Das Lukas-Evangelium erzählt von Pharisäern, die sich auf öffentlichen Plätzen und in der Synagoge präsentieren. Sehen und gesehen werden ist ihnen wichtig. Auf Festen beanspruchen sie Ehrenplätze. Einige von ihnen sind offenbar im Immobiliengeschäft tätig und bringen Witwen um ihre Häuser. Die Bibel verurteilt das. Sich wichtig zu machen, den eigenen Vorteil zu suchen, ist nicht in Ordnung. Sie stellt den Pharisäern eine Witwe gegenüber: sie ist nicht reich, gibt aber für die Armen so viel ihr möglich ist. So funktioniert Miteinander! Wenn die eine auf den anderen achtet und dafür sogar eigene Bedürfnisse zurückstellt. (vgl. Lk 20,45-21,4)

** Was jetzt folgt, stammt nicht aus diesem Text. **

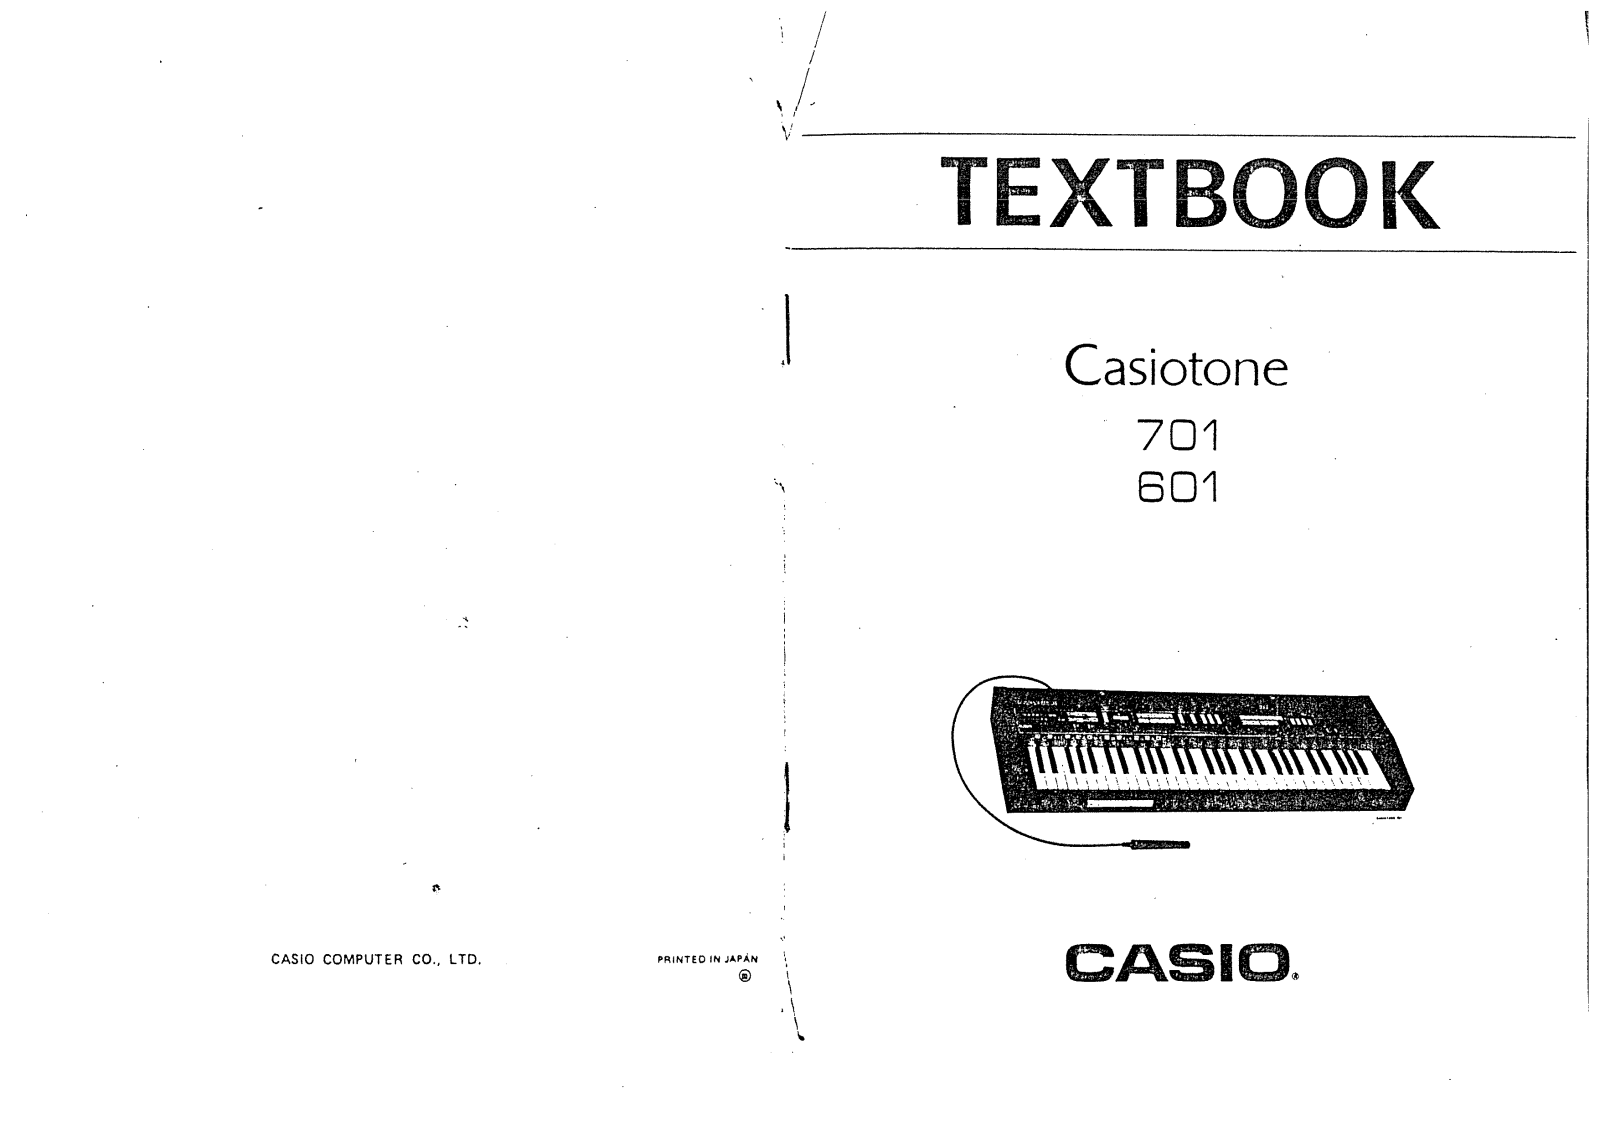 Casio ct 601, ct 701 textbook

Beispiele lassen sich auch aus dem ländlichen Raum finden: vielleicht denkt der Prophet Amos an den „Garten in Eden“, die „grünen Auen“ oder an den „Ruheplatz am Wasser“, wenn er durch Israel zieht und anprangert, dass Leute ausgebeutet und versklavt werden. Es sei ungerecht, dass sie für einen Hungerlohn schuften müssen, damit andere im Überfluss leben können. Was der Boden hervorbringt, ist doch für alle da!
Selbst der Boden an sich ist ein Thema der Bibel: das Buch Levitikus sieht ein Sabbatjahr für die Felder vor. Im siebten Jahr sollen sie nicht bebaut werden. Schließlich muss sich auch die Natur immer wieder erholen können. (vgl. Lev 25)

Heute beginnt die ARD-Themenwoche „Stadt.Land.Wandel.“ und die Bibel hat einiges dazu zu sagen: sie beschreibt das Paradies als das Beste aus dem Stadt- und Landleben. Das klingt erst mal groß und weit weg. Aber diese Ideale haben eine enorme Kraft:
Mit ihnen im Hinterkopf motiviert Jeremia Menschen, aufeinander zuzugehen, sich aufeinander einzulassen und so das Miteinander zu verbessern. Die Witwe bringt ein, was sie nur kann – und bewirkt damit etwas. Amos macht den Mund auf und protestiert gegen Unrecht. Und Levitikus schützt die Umwelt, die so zerbrechlich ist.
Wenn ich mich also auf diese Ideale der Bibel einlasse, entdecke ich so manches, was ich tun und verändern kann, um das Paradies runterzubrechen und näher ins Hier und Jetzt zu holen. Eben so, wie es jene Leute aus der Bibel getan haben – in der Stadt und auf dem Land.